SOURCE DATA:
▼

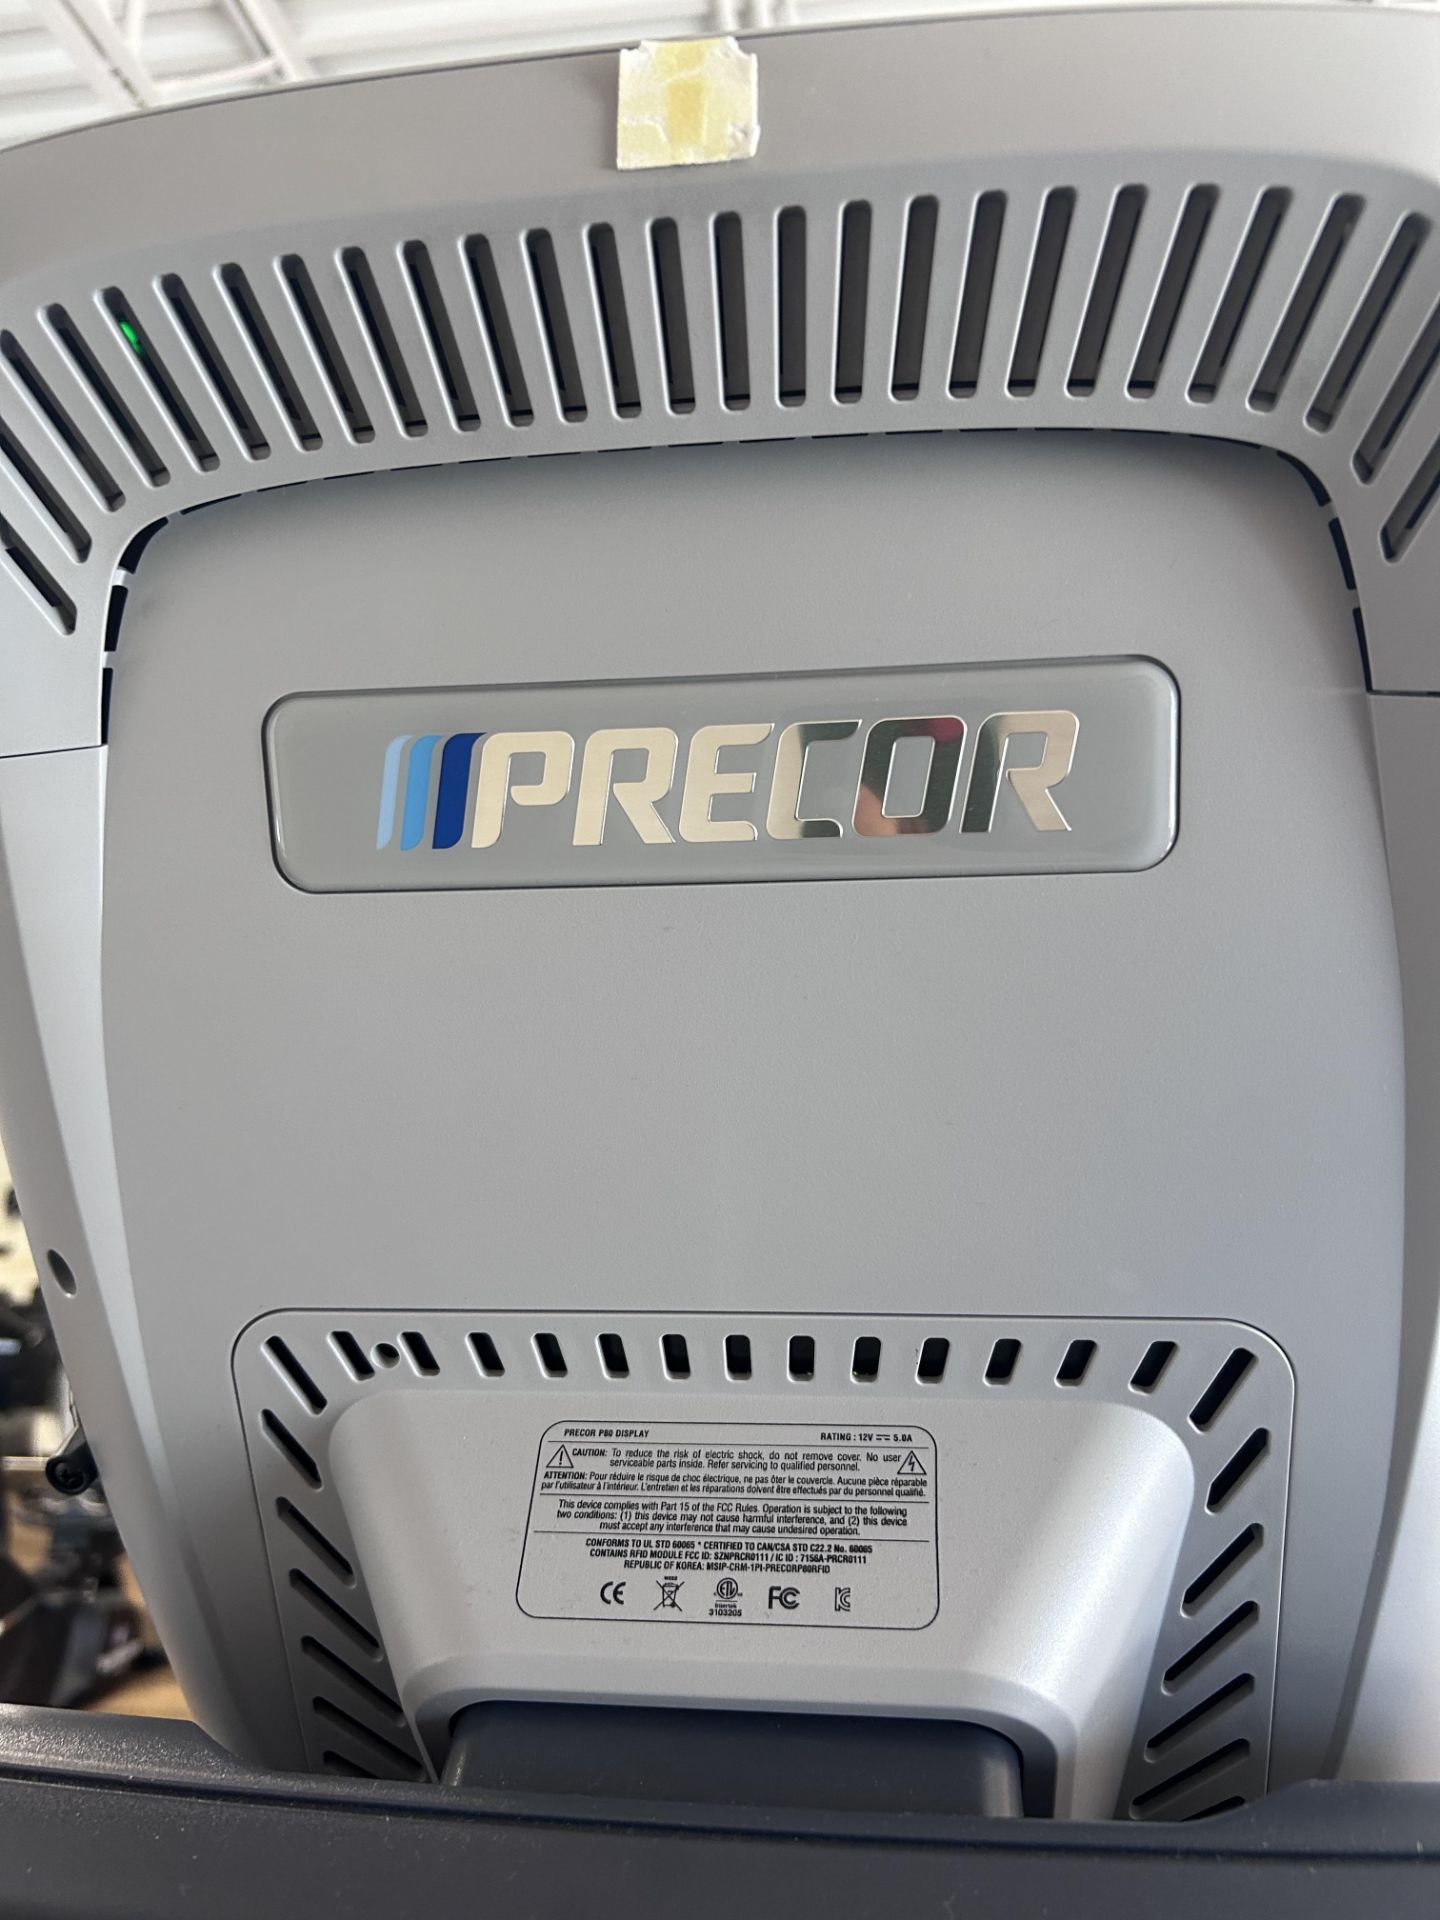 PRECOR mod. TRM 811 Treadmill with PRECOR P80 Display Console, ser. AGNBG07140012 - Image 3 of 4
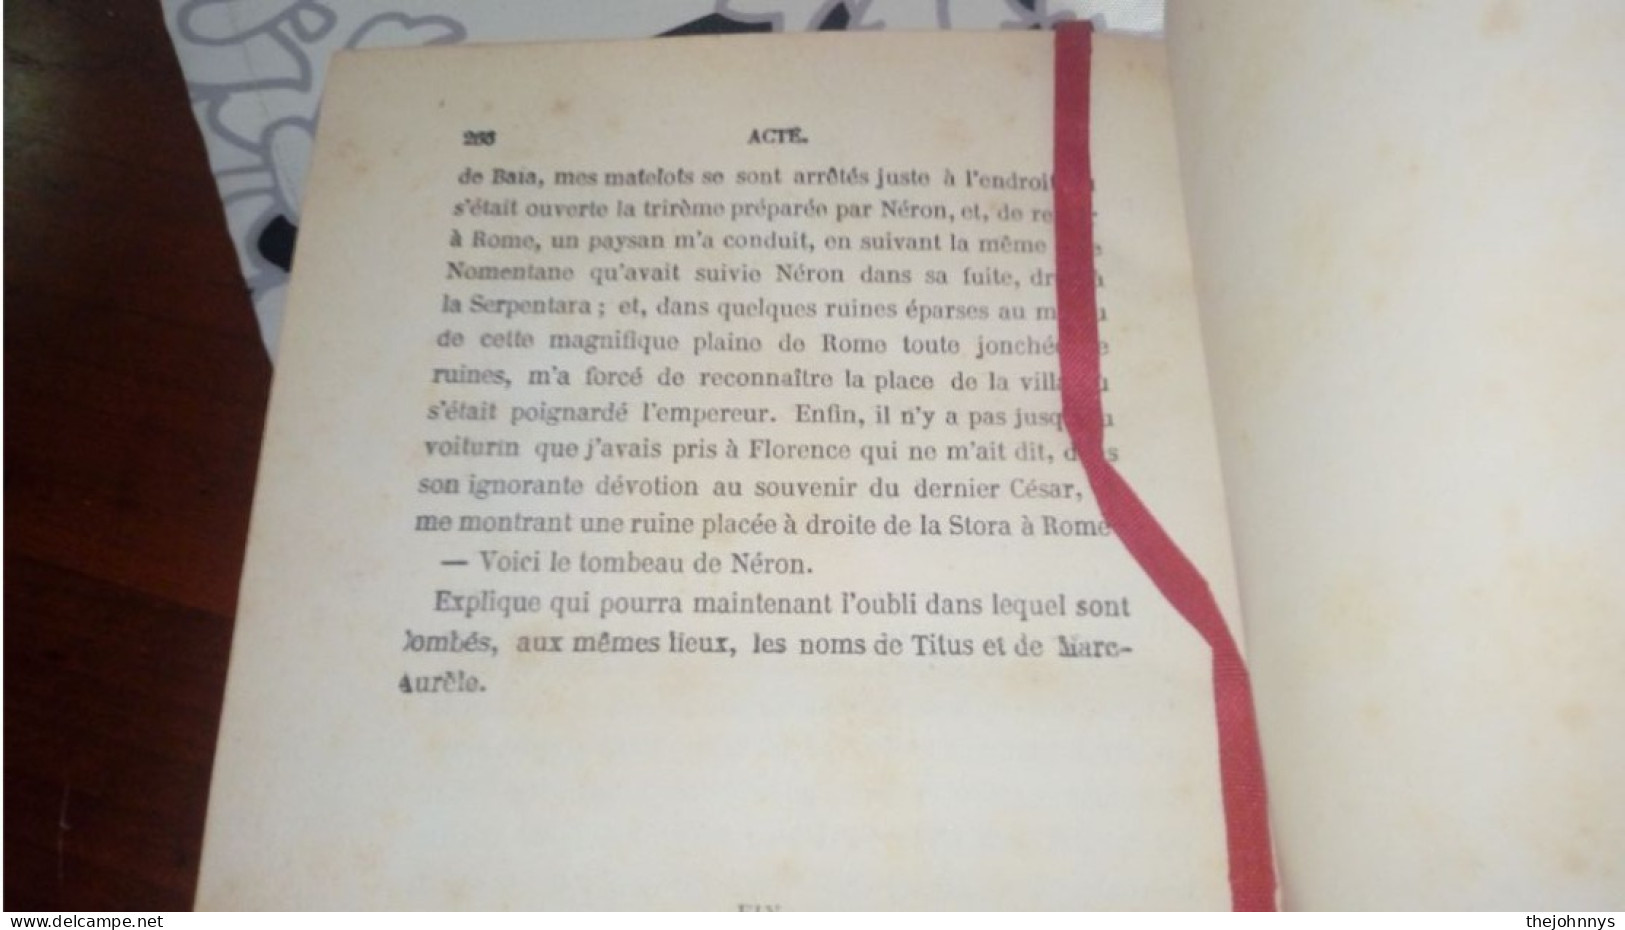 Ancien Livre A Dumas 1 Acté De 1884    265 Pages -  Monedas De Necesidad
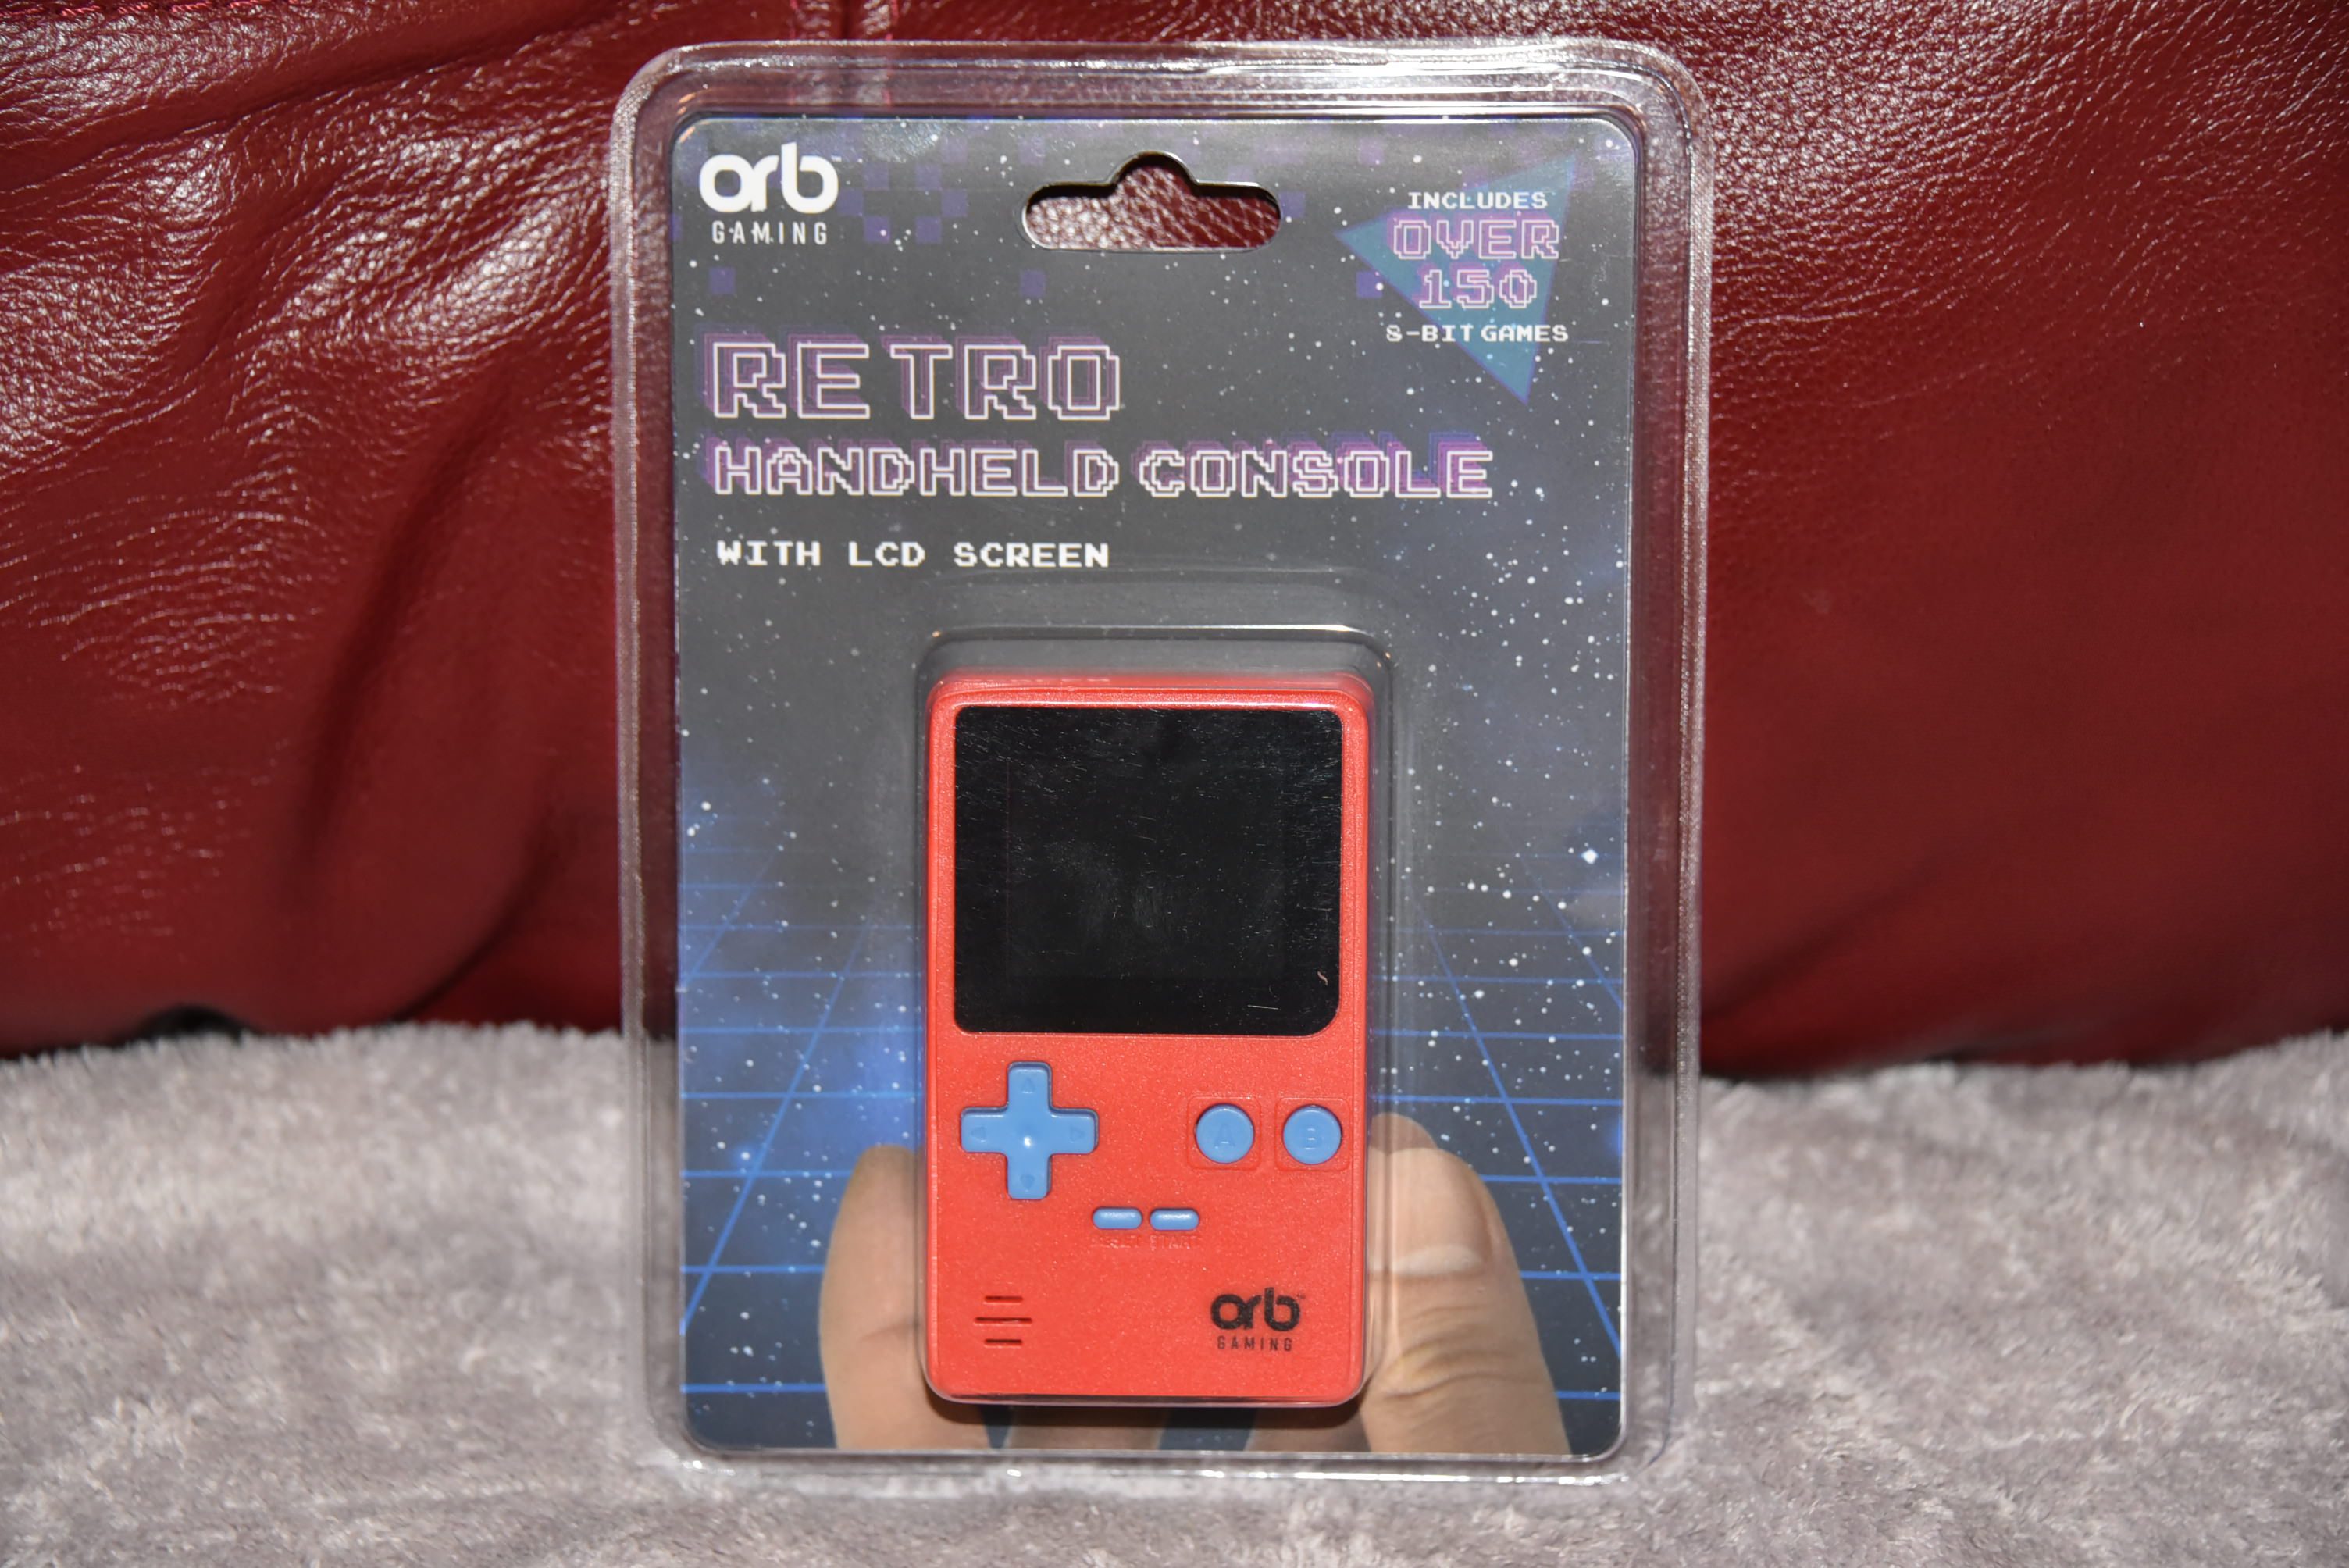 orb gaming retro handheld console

▲

WHAT YOU WILL DO:
Every line above should be printed again word for word, without its pictures.

RESPONSE TO THE EXERCISE:
 PRECOR mod. TRM 811 Treadmill with PRECOR P80 Display Console, ser. AGNBG07140012 - Image 3 of 4
 Ancien Livre A Dumas 1 Acté De 1884    265 Pages -  Monedas De Necesidad
 orb gaming retro handheld console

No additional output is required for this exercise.